By Kendall George, February 27, 2013
Lunch Bytes is a consortium of digital artists, the Goethe-Institut Washington, Smithsonian’s Hirshhorn Museum and Sculpture Garden, and the Swiss Arts Council Pro Helvetia. The commendably forward-thinking group—especially for mostly federally funded institutions—holds lectures on digital art’s theoretical issues (New Aesthetic, “remix culture”) and how this art fits into pre-existing networks (surveillance, selling digital art). Articles and works by Lunch Bytes’ associated artists are, naturally, available online. Work by one artist a month is hosted on the Platform page, who passes the torch to the next artist of their choice. What began as a gallery of online work is evolving into a home for thoughtful commentary on Internet culture and the information we communicate, presented through innovative design.

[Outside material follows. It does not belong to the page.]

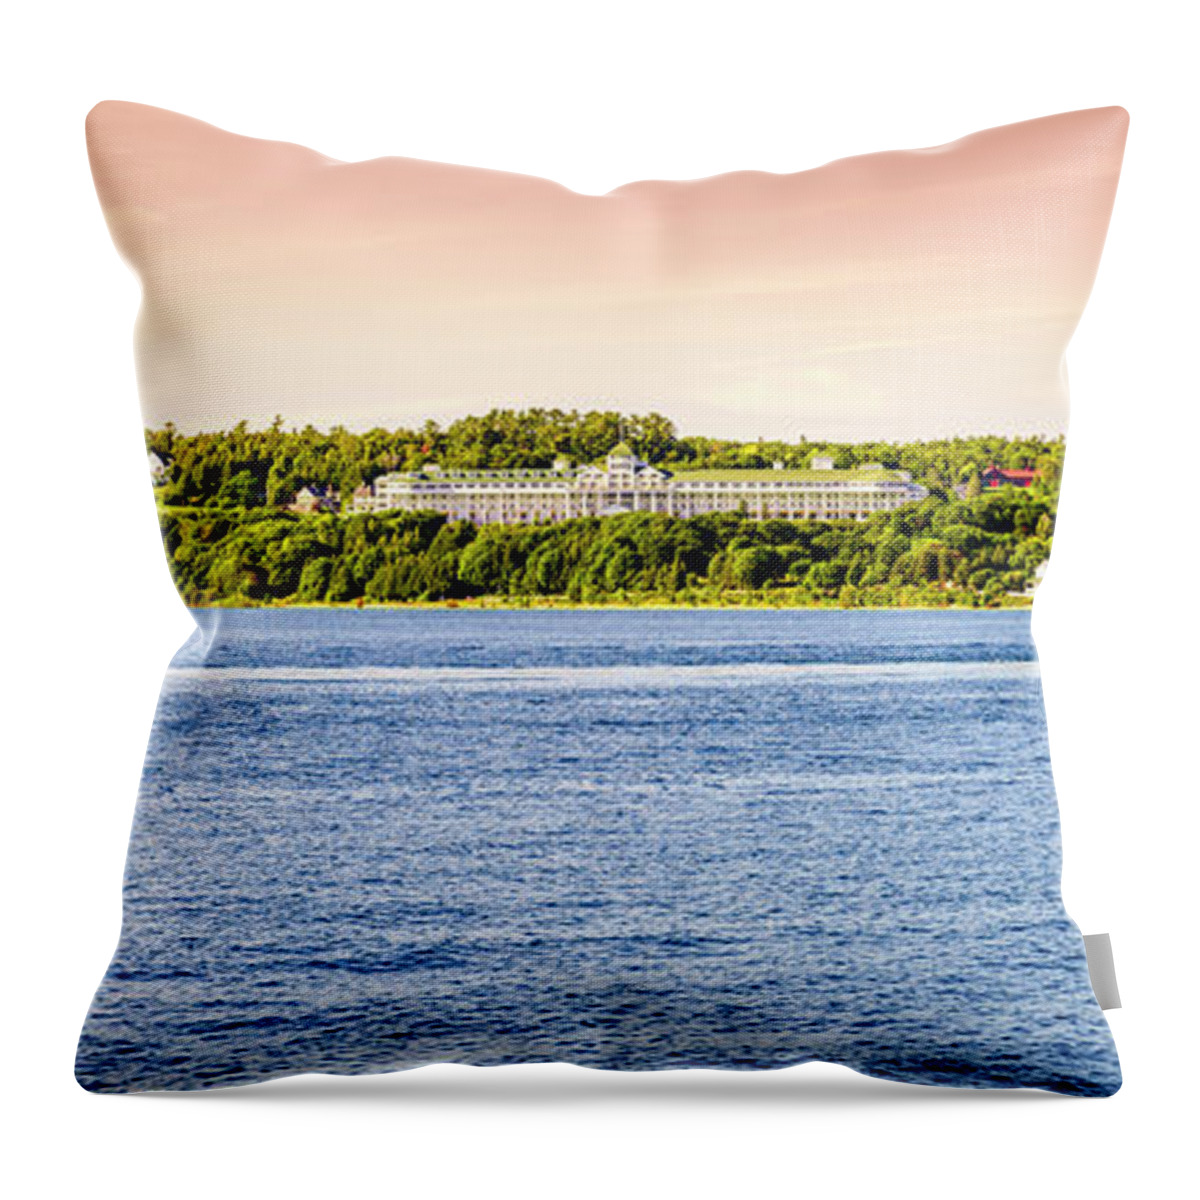 America Throw Pillow featuring the photograph Mackinac Island Grand Hotel by Alexey Stiop

Yuri Pattison’s “outsourced views, visual economies” layers photographs from the windows of Amazon Mechanical Turk workers over video of landscapes with low ambient noise. Amazon Mechanical Turk is a crowdsoured marketplace, where anyone with a task that necessitates a person rather than a computer, called “Human Intelligence Tasks,” can post a need online. The poster states a range of what they are willing to pay a person for the work, and Turkers, (workers), compete by bidding as low as possible for the job. Anyone can become a Turker, and as Pattison’s compiled images show, they are an internationally and socioeconomically diverse group. Tasks are often won for only a few cents, which has led to criticism that Amazon Mechanical Turk is a digital sweatshop.